_Source data_.
::::

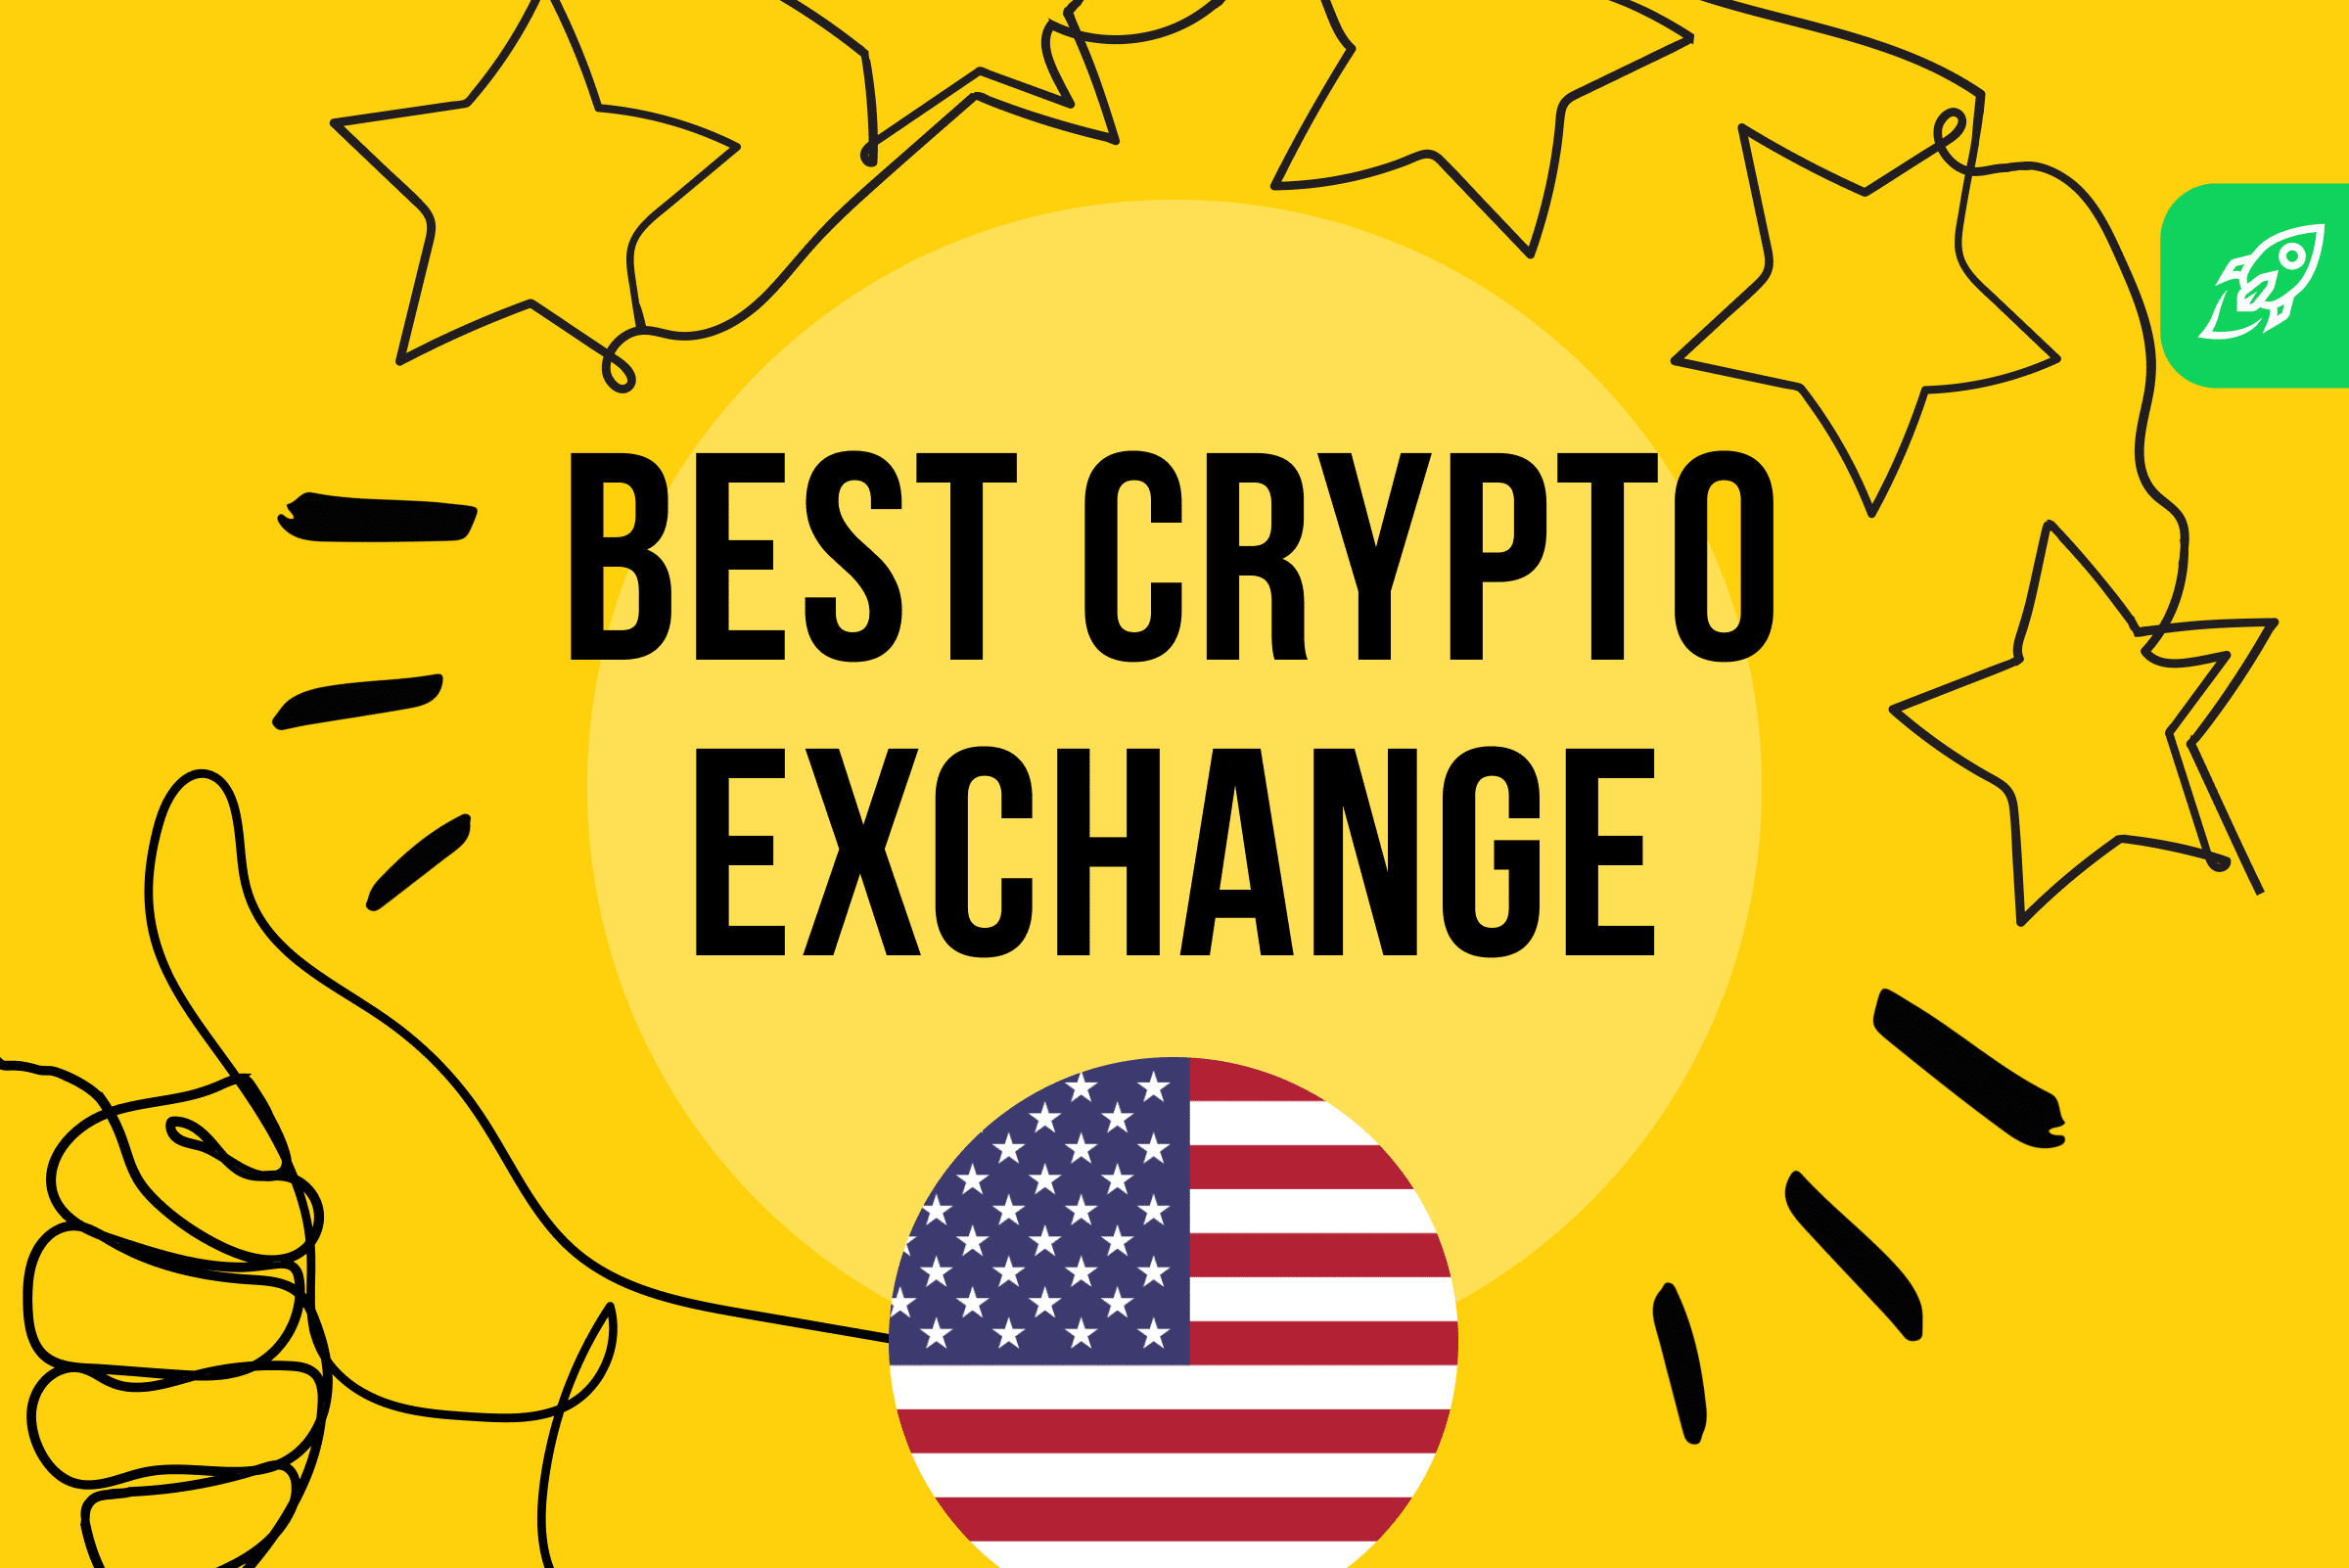 how many crypto trading exchanges are there in the usa
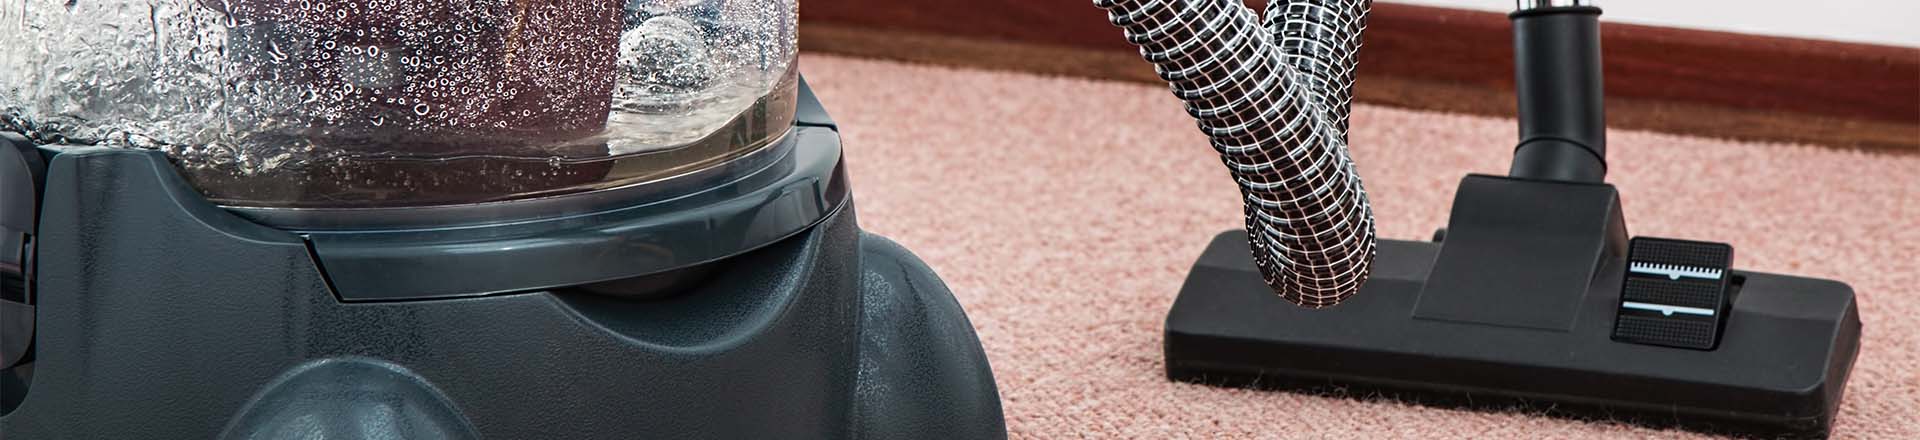 Cleaning Carpets Prolongs their Lifespan
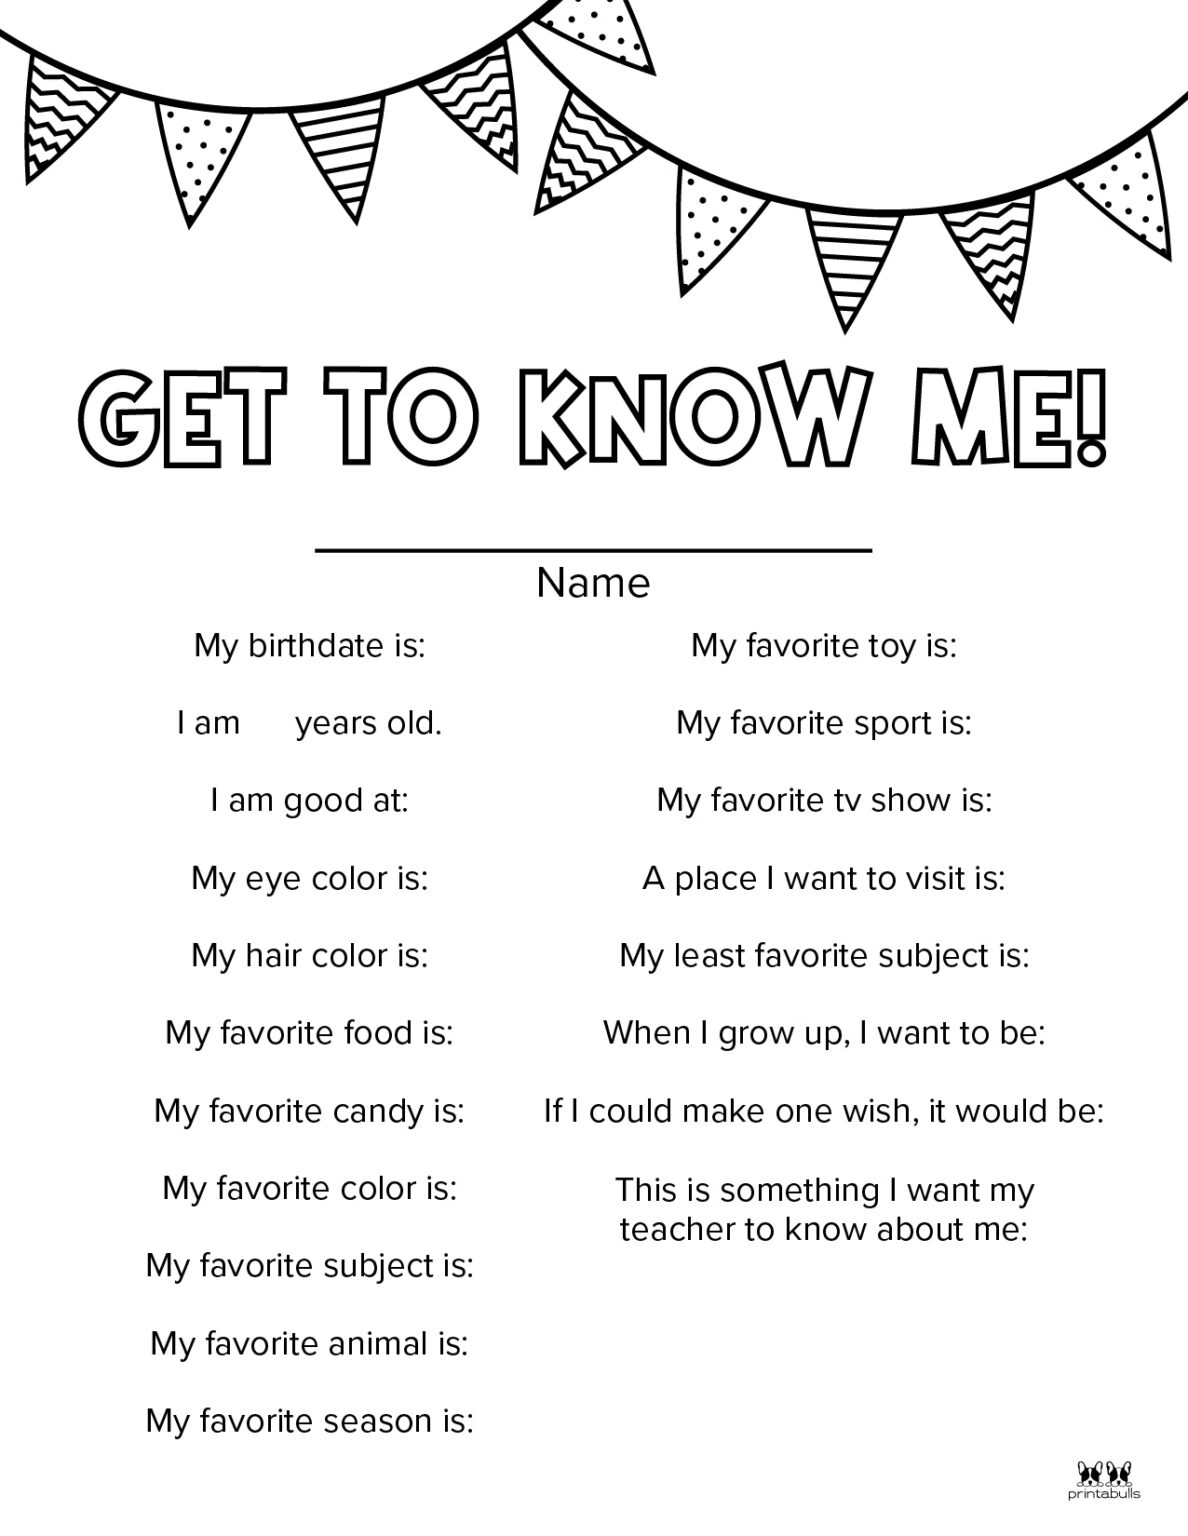 50 All About Me Worksheet 4

::::

_Work to be completed_. Lines from the one with "Cleaning Carpets Prolongs their Lifespan" through the final line of the listing above: copy them exactly, both ends included, and omit every picture.

_Exercise solution_.
 Cleaning Carpets Prolongs their Lifespan
 50 All About Me Worksheet 4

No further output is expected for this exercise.